## [WHAT TO WORK ON]
Each line from the one holding "أسعار اللحوم والخضر" to the last line below must be restated word for word, and no picture may be included.

## [RECORDED INFORMATION]
[Start of Attachment]

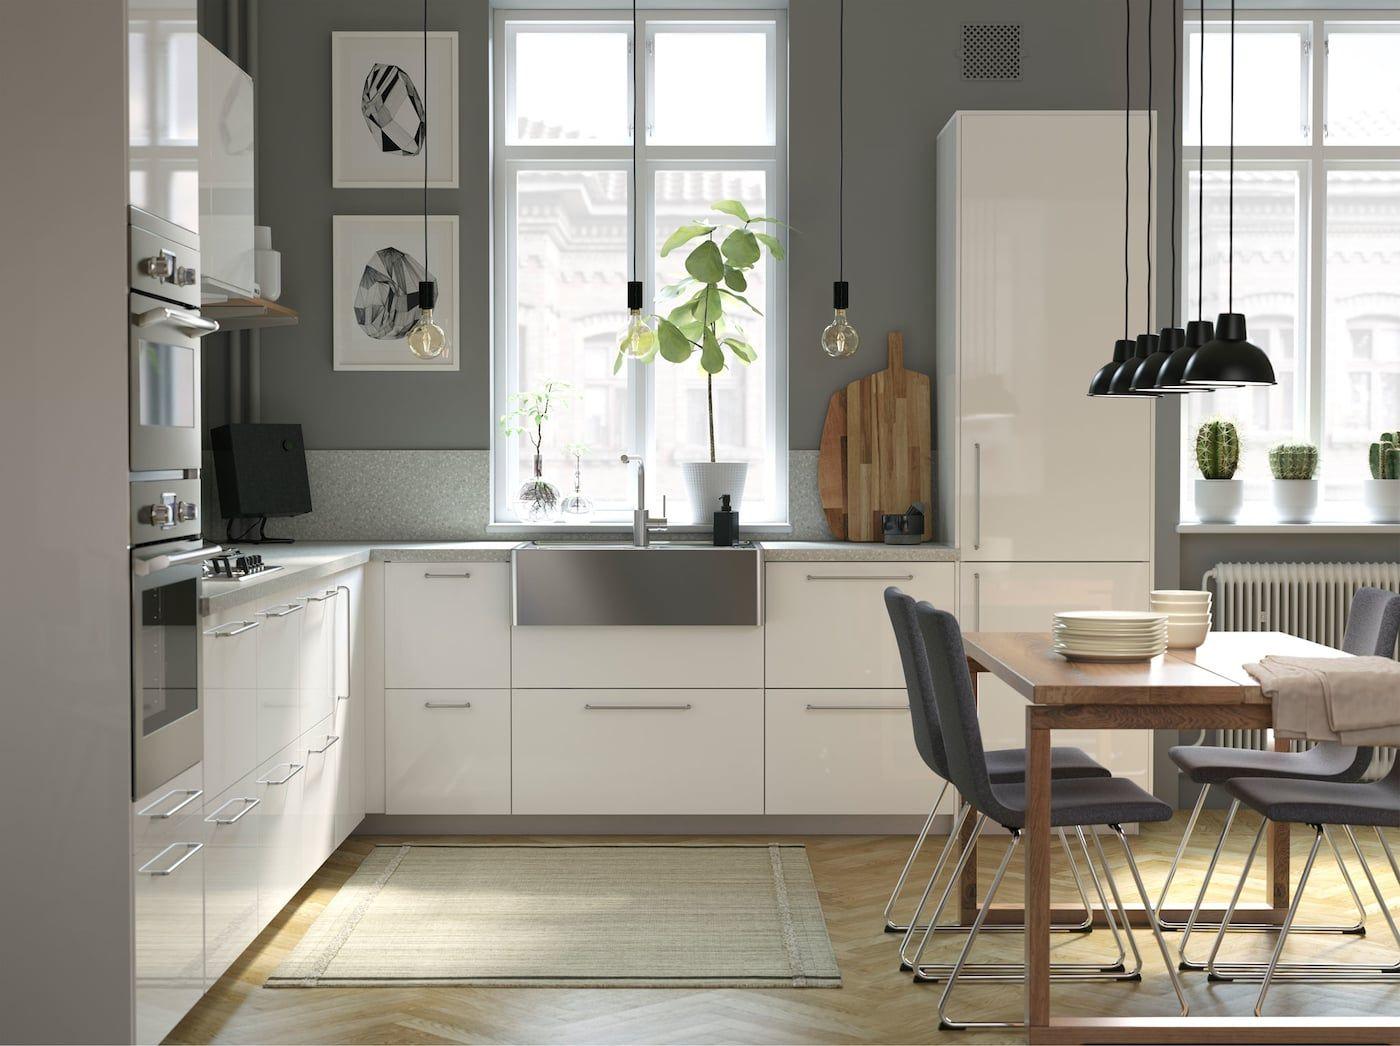 Moderní, světlá a vzdušná kuchyně s dřevěnými detaily
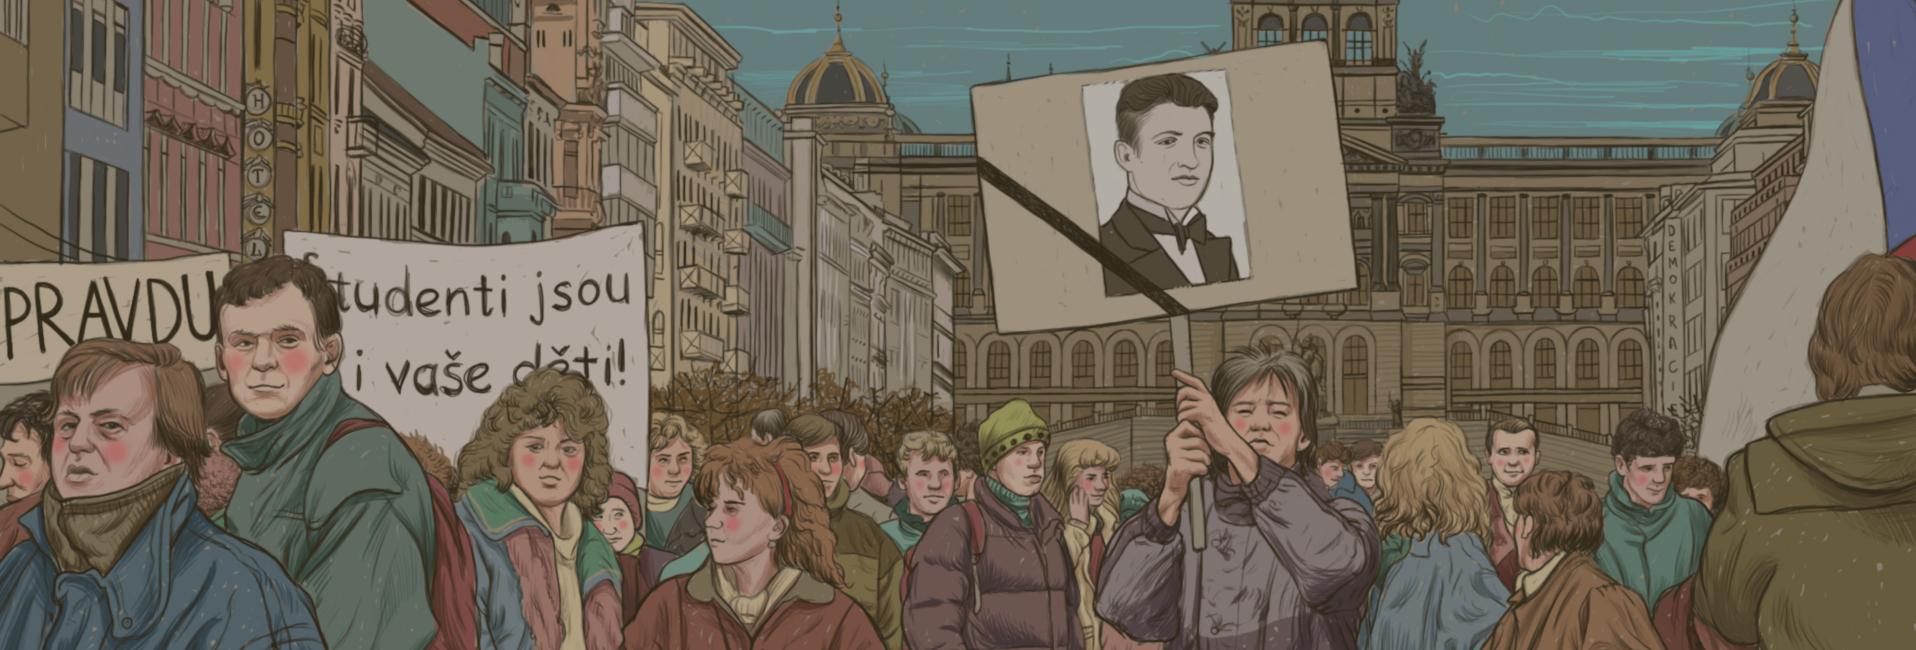 17. listopad 1989 v Praze
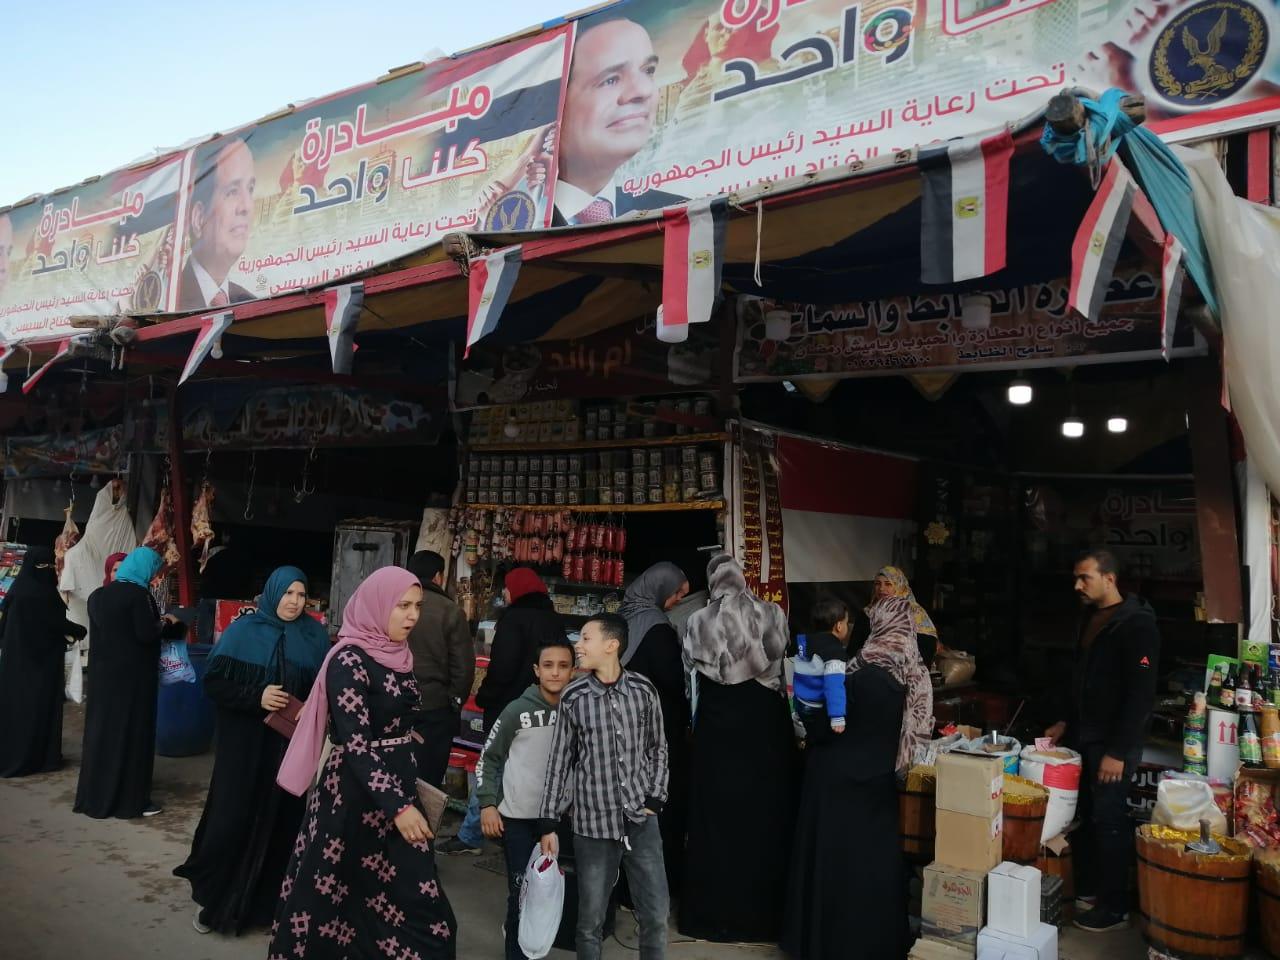 أسعار اللحوم والخضر والفواكه بأسواق محافظة الغربية (9)
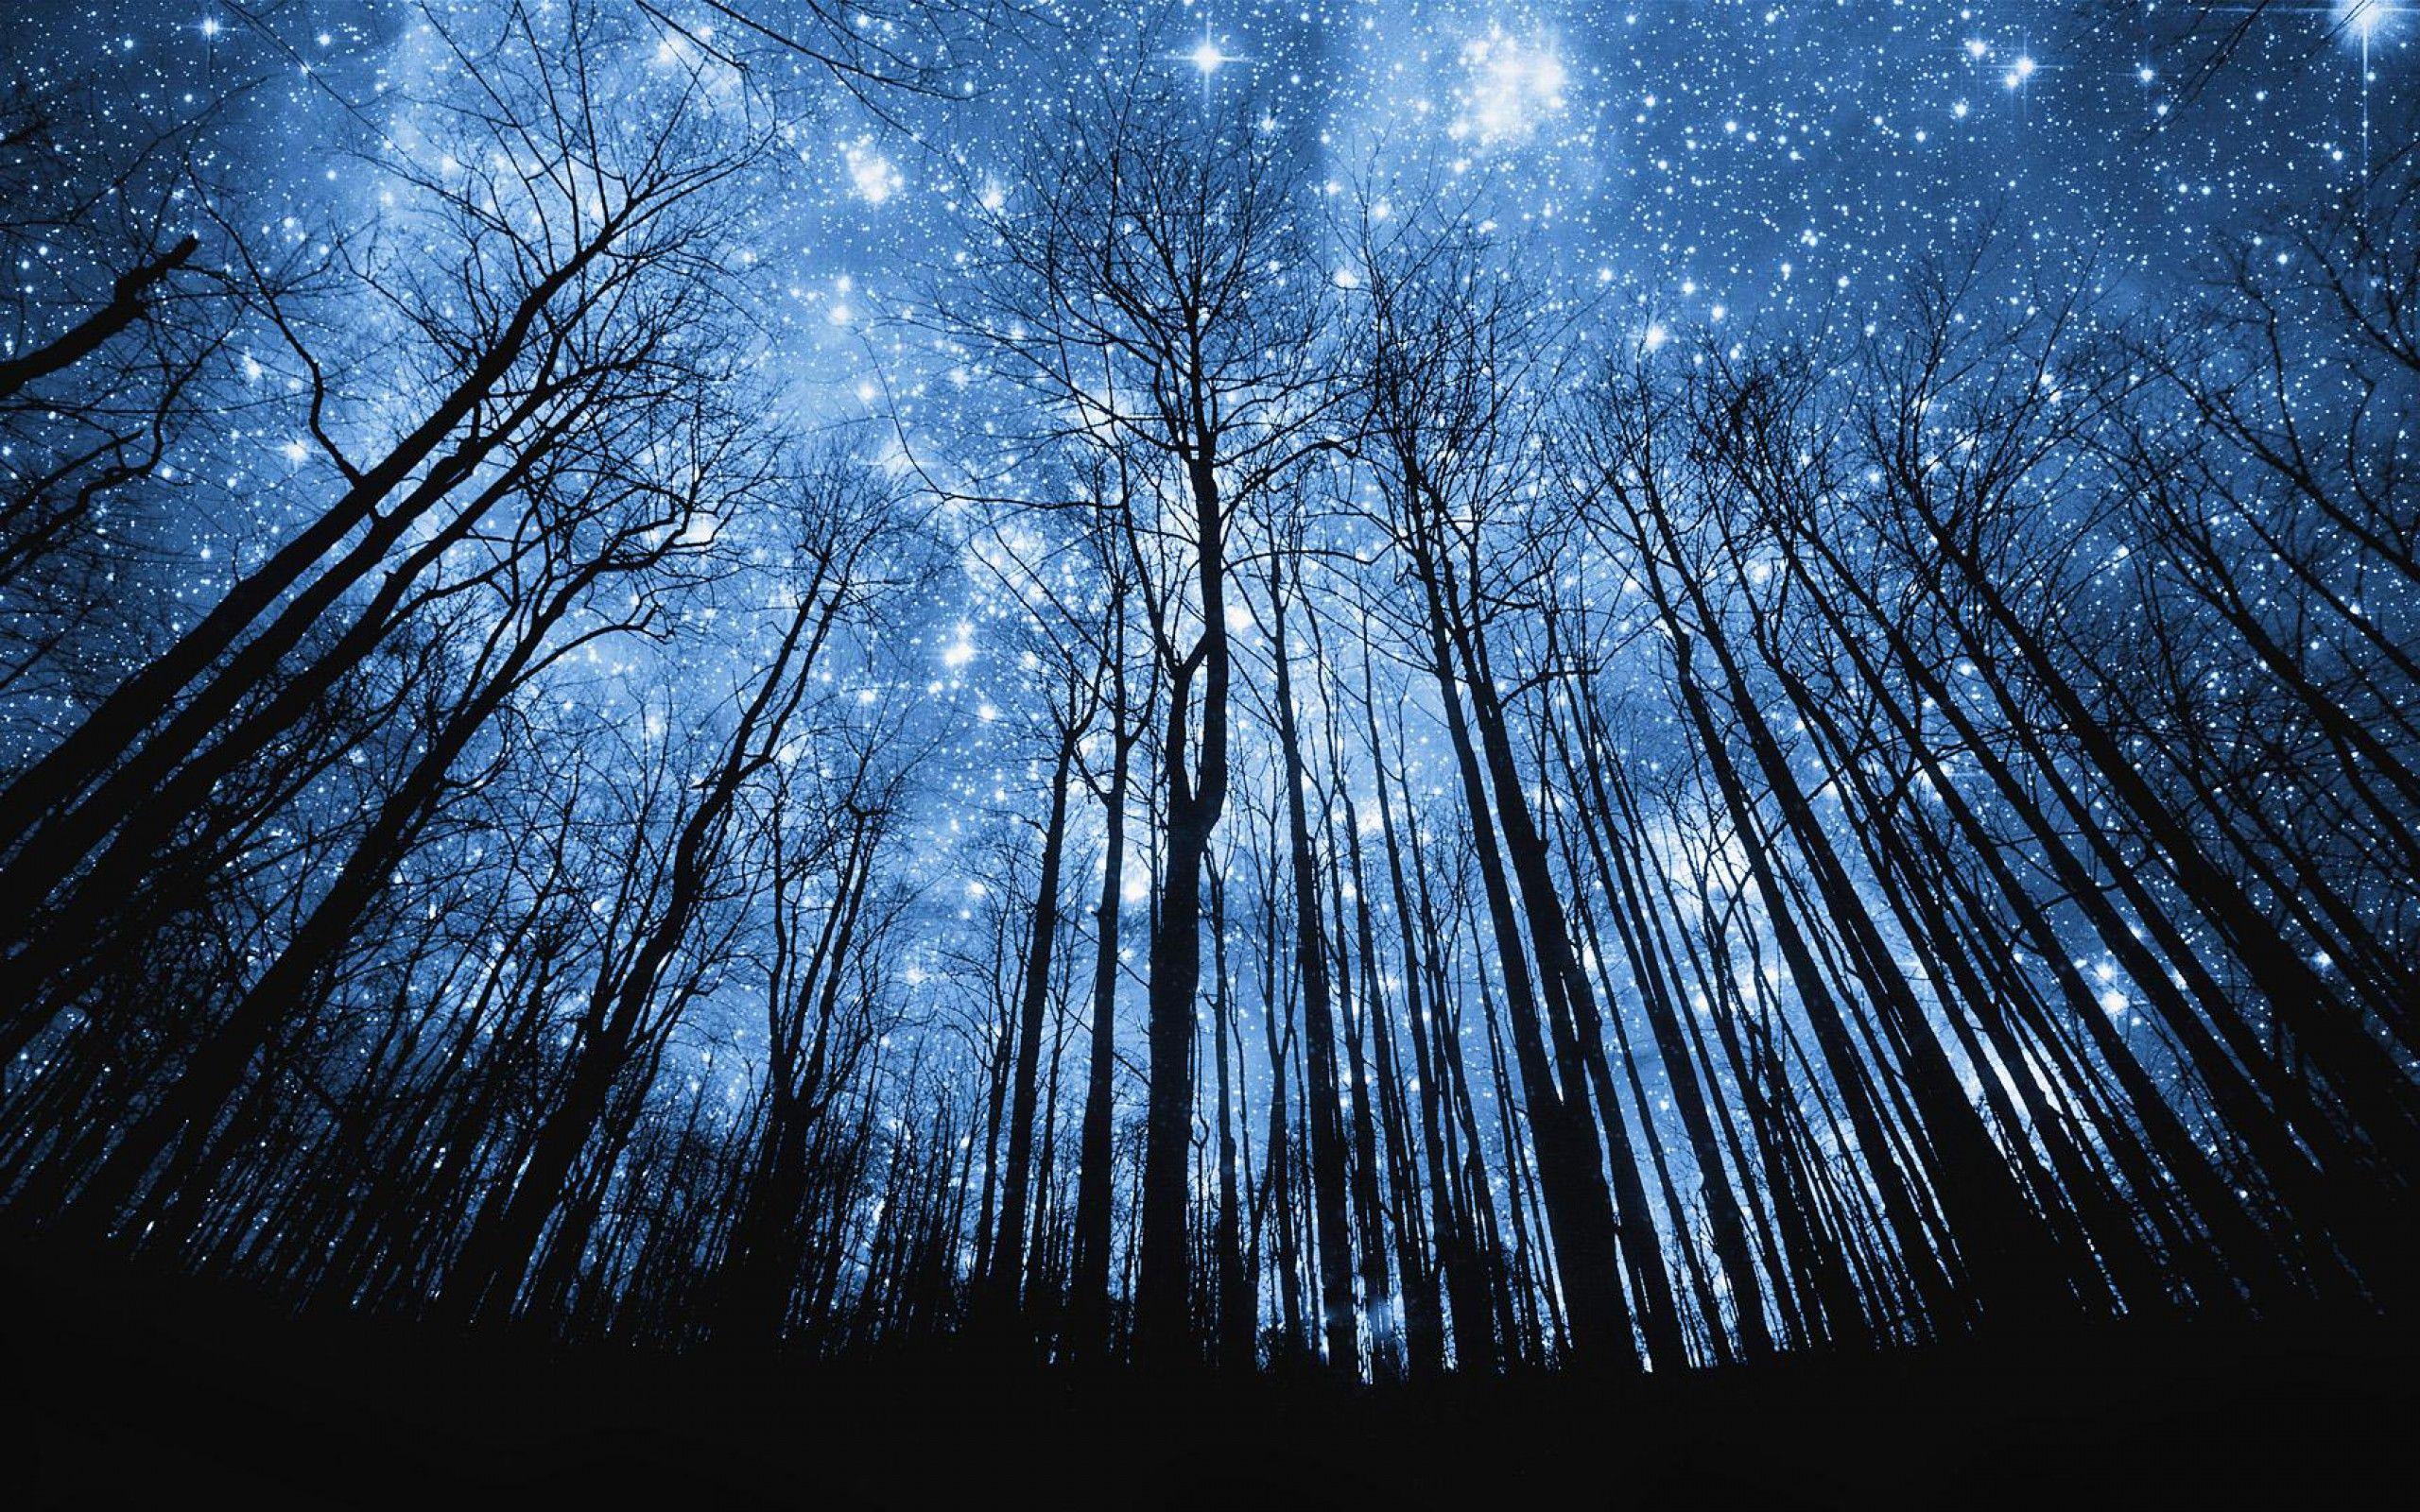 Night Sky Wallpaper Starry Night Wallpaper Starry Night Sky Cactus trees night starry sky wallpaper

[End of Attachment]

## [WRITTEN SOLUTION]
 أسعار اللحوم والخضر والفواكه بأسواق محافظة الغربية (9)
 Night Sky Wallpaper Starry Night Wallpaper Starry Night Sky Cactus trees night starry sky wallpaper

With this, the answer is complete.